Насмотревшись на запои отца, которые со временем участились, Егор, для благозвучия – Георгий, вина не употреблял вовсе и вскоре обзавелся шляпой канотье, белым чесучовым костюмом, как у коллег, немецким велосипедом на красных шинах с гуттаперчевым мяукающим рожком и очками для солидности.
Со своей будущей женой Липочкой Георгий познакомился в шестнадцатом году в Москве, прибыв туда занять предложенную ему должность конторщика на кабельном заводе.
Липа, или, как было написано в ее студенческом билете, «госпожа Бадрецова Олимпиада Михайловна», заканчивала второй курс на математическом факультете Высших женских курсов Гирье.
Липу в Москву на учение отец ее, ткацкий мастер Михаил Семеныч, собирал собственноручно. Не доверяя жене– Матрене Васильевне, Липиной мачехе, – перепроверял баулы, записывал, что есть, что надо будет. Комнату снял дочери в Москве по первому разряду на полном пансионе. Только учись. И хозяйке велел еженедельно отписывать за отдельную плату наблюдения: как Липа учится.

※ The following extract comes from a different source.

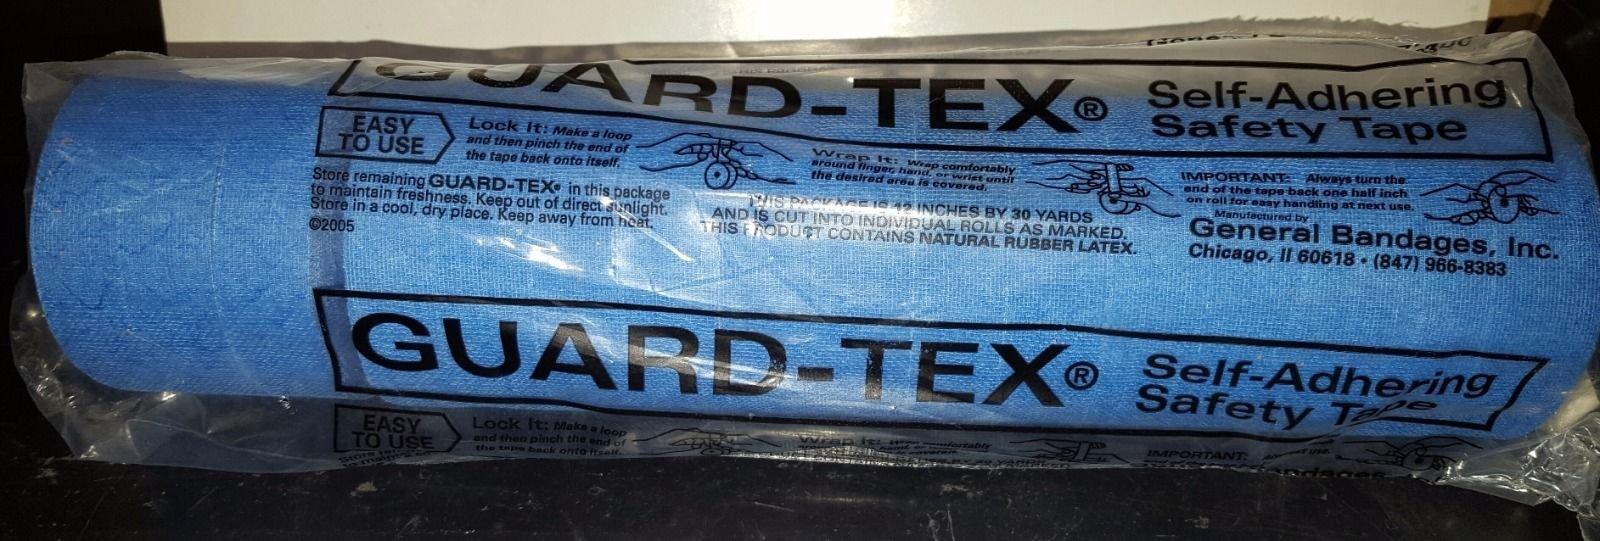 Guard-Tex ® Self-Adhering Safety Tape - General Bandage 3/4'' X 30 Yard Blue Guard-Tex ® Self-Adhering Safety Tape - 41408-3/4

Училась Липа прилежно, первый раз жалоба пришла через год: курит.
– Зачем же ты, Липа, куришь? – строго спросил Михаил Семеныч, срочно прибывший в Москву. Был он старовер и курение почитал большим грехом.
– У нас, папаша, медички живут в квартире, – бойко затараторила дочь, – они на мертвых телах обучаются в анатомическом театре. От мертвых тел запах. От запаха мы и курим.
Ответом дочери Михаил Семеныч удовлетворился и, УСПОКОИВШИСЬ, убыл домой в город Иваново.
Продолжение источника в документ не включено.